Although the idea that marital “fault” in divorce should be weighed when distributing marital assets has, in general, gone by the wayside in New York, there is one exception. Economic fault, including wasteful dissipation of marital assets, is still a relevant consideration in equitable distribution. Domestic Relations Law ' 236[B][5][d], Owens v. Owens, N.Y.App.Div. Lexis 4292, 2013 NY Slip Op 4380; Brzuszkiewicz v. Brzuszkiewicz, 28AD3d 860, 813 NYS2d 793 (3d Dept. 2006). When faced with a client whose spouse has allegedly wasted marital assets, what must you know?

What Constitutes 'Wasteful Dissipation'?

The paradigm of wasteful dissipation is the loss of marital funds to heavy gambling. In Burnett v. Burnett, 101 AD3d 1417, the Appellate Division, Third Department, upheld the trial court's determination that the husband had “engaged in extensive gambling ' incurring significant debts and depleting substantial assets.” 101 AD3d 1417, 1419 (3d Dept. 2012). The court further stated that such economic misconduct is not excused by the classification of gambling as an addiction.'

The mere allegation of gambling losses, without proof of the amount lost, may be insufficient to prove wasteful dissipation, however. Wilner v. Wilner, 192 AD2d 524, 595 N.Y.S.2d 978 (2d Dept, 1993) (dissenting opinion).

A loss suffered under one party's management of joint investments is not necessarily dissipation of marital assets. There must be a showing that the investment loss is “not merely the product of market forces.” Owens v.
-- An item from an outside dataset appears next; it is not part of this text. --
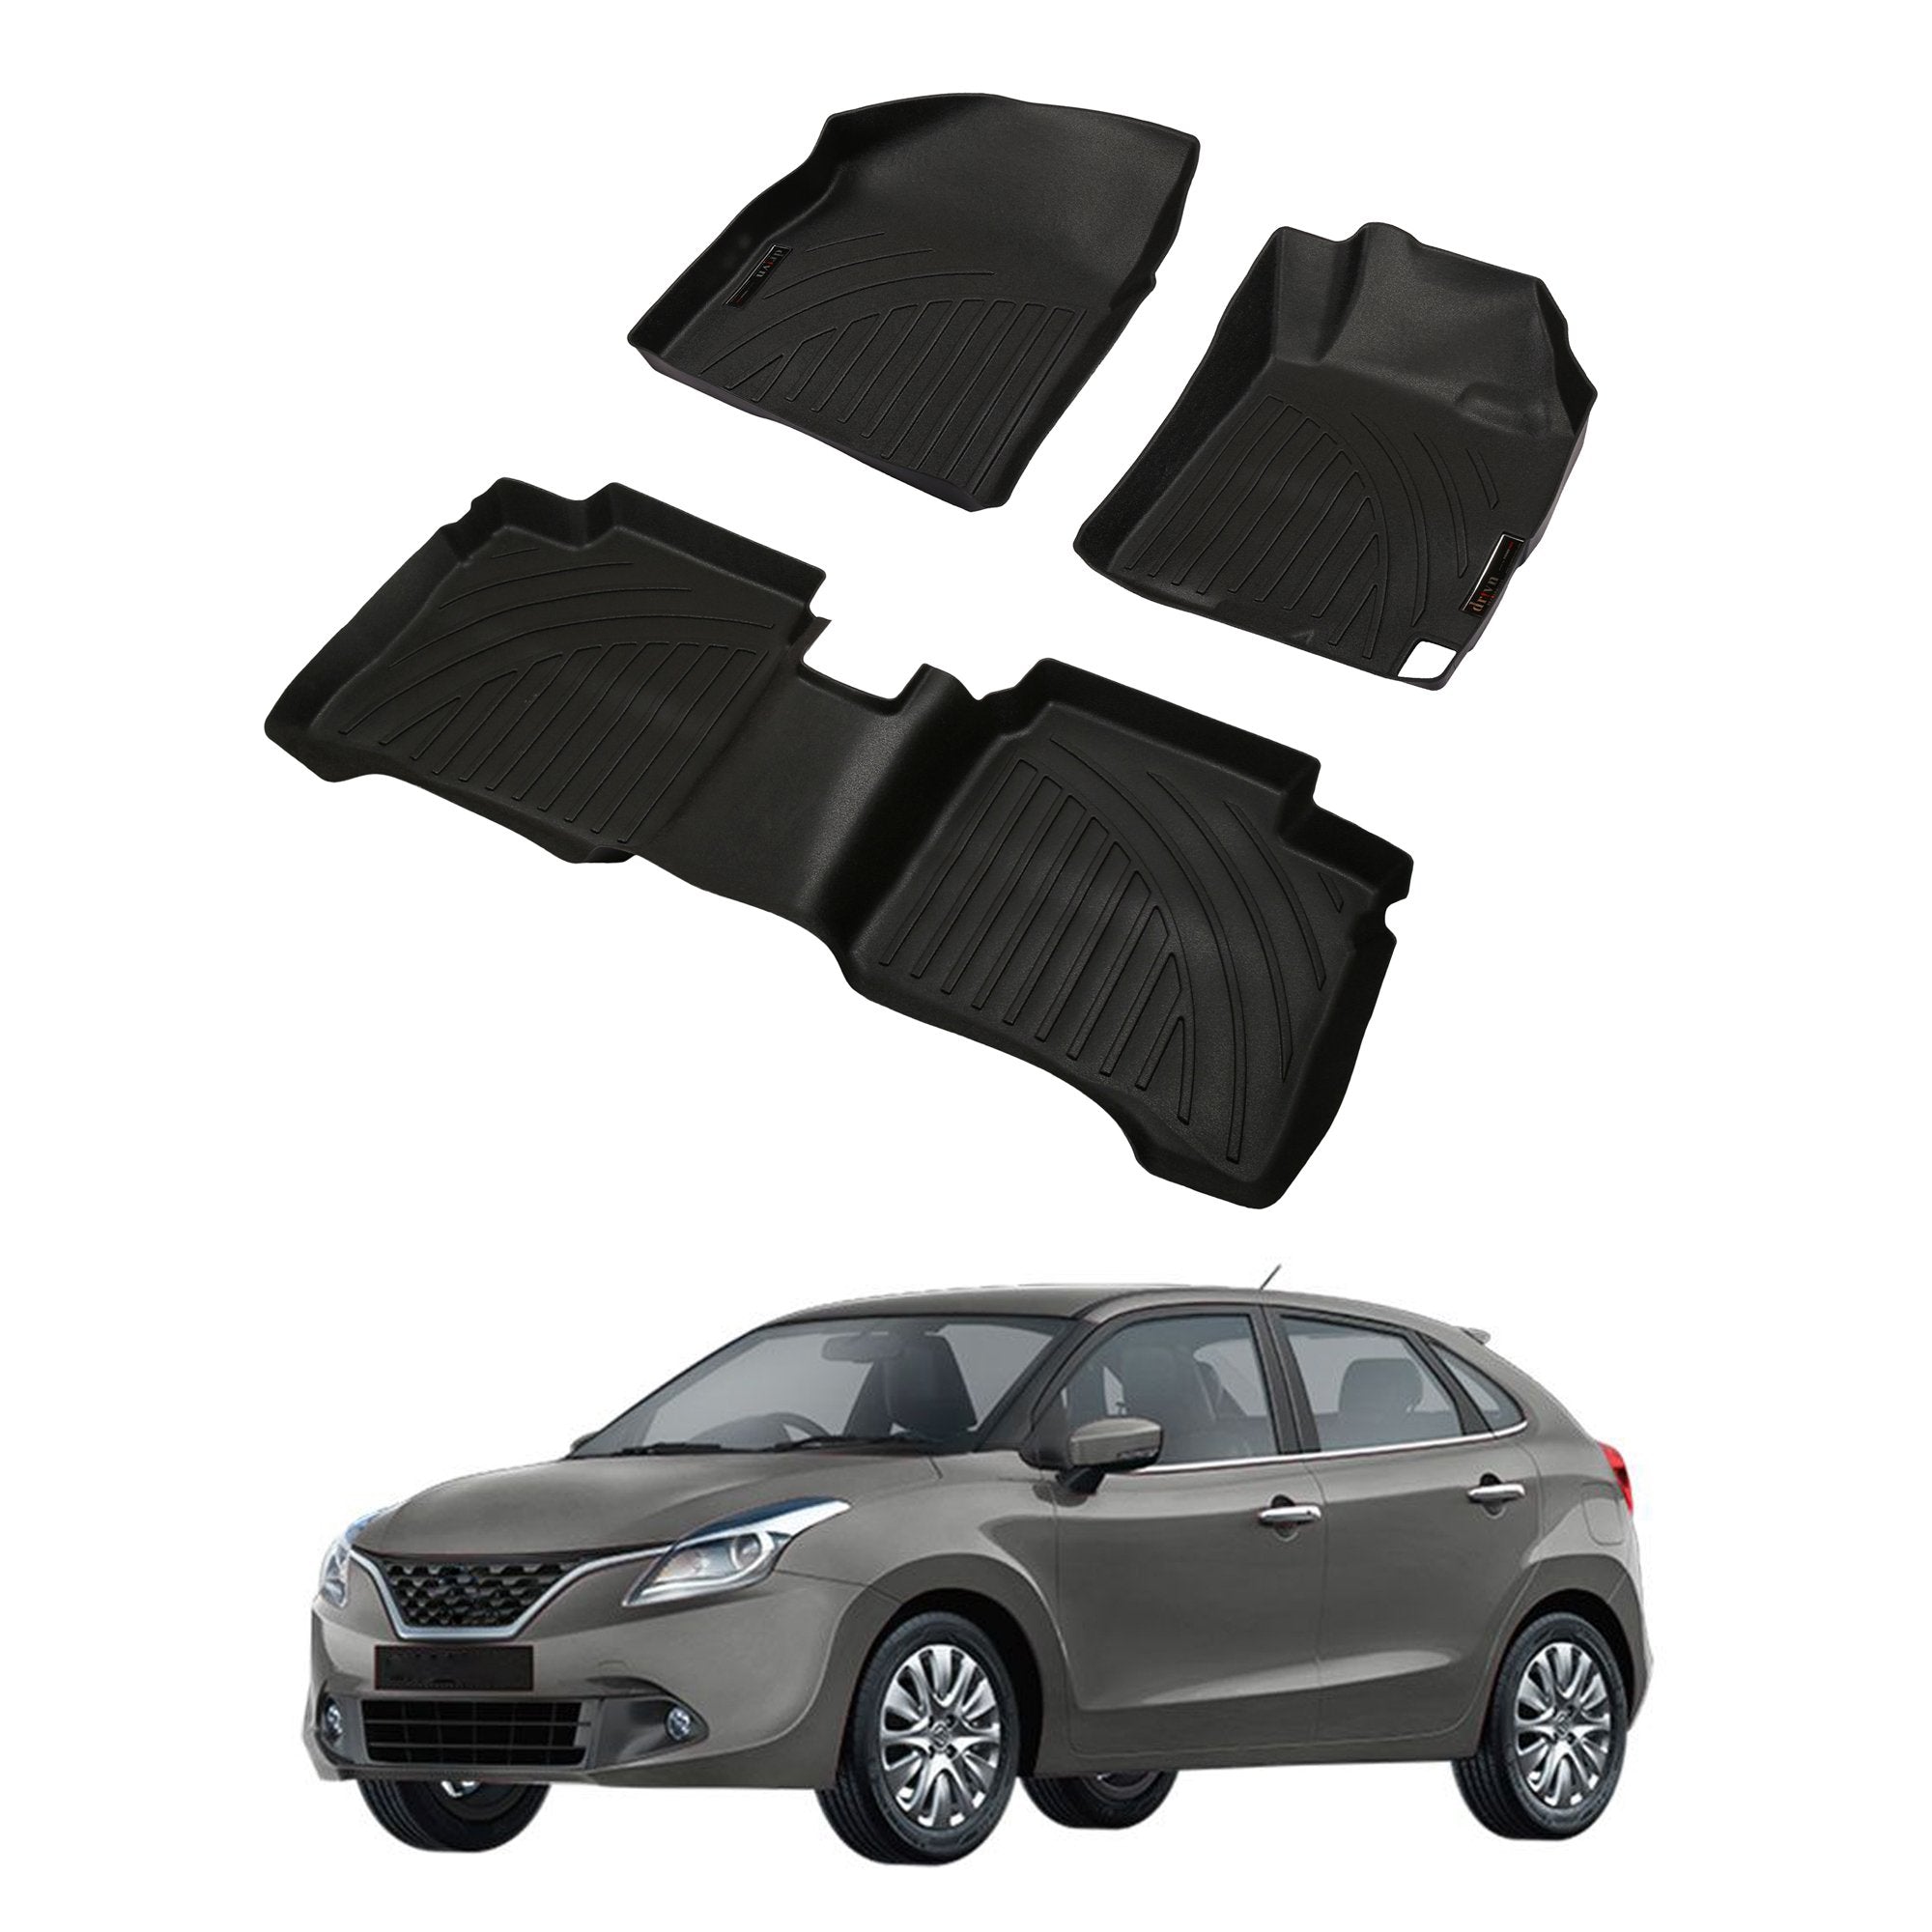 Drivn 5D TPV Car Foot Mat for Maruti Suzuki Baleno - Black, 5D Car Floor Mat, Customised Car Floor Mat for Maruti Suzuki Baleno (Set of 3) - CARMATE®

Owens, N.Y. App.Div. Lexis 4292 at 10. In the Owens matter, the husband had lost nearly $4.6 million through “gross mismanagement” in the form of complete failure to monitor the investments. The court further found that Mr. Owens was “extremely cavalier” about his investments. This extreme misbehavior is quite different from market losses upon reasonable investments, so the precipitous stock declines for the period 2008-2009 would constitute market forces rather than wasteful dissipation.

Case Law

Borrowing from cases concerning professional investment adviser/brokers, the gravamen for marital investment dissipation could be the variance from actual market indices. Scalp & Blade, Inc. V. Advest, Inc., 309 AD2d 219,220; 765 N.Y.S.2d 92, 93 (4th Dept., 2003). However, even when investment performance lags the indices, there may be no legitimate claim by the non-investing spouse. Where the family has historically benefitted from similar investments when they were successful, the investor spouse should not be penalized for a few that were unsuccessful. Wilner v. Wilner, 192 AD2d 524, 528 (2d Dept, 1993) (dissenting opinion).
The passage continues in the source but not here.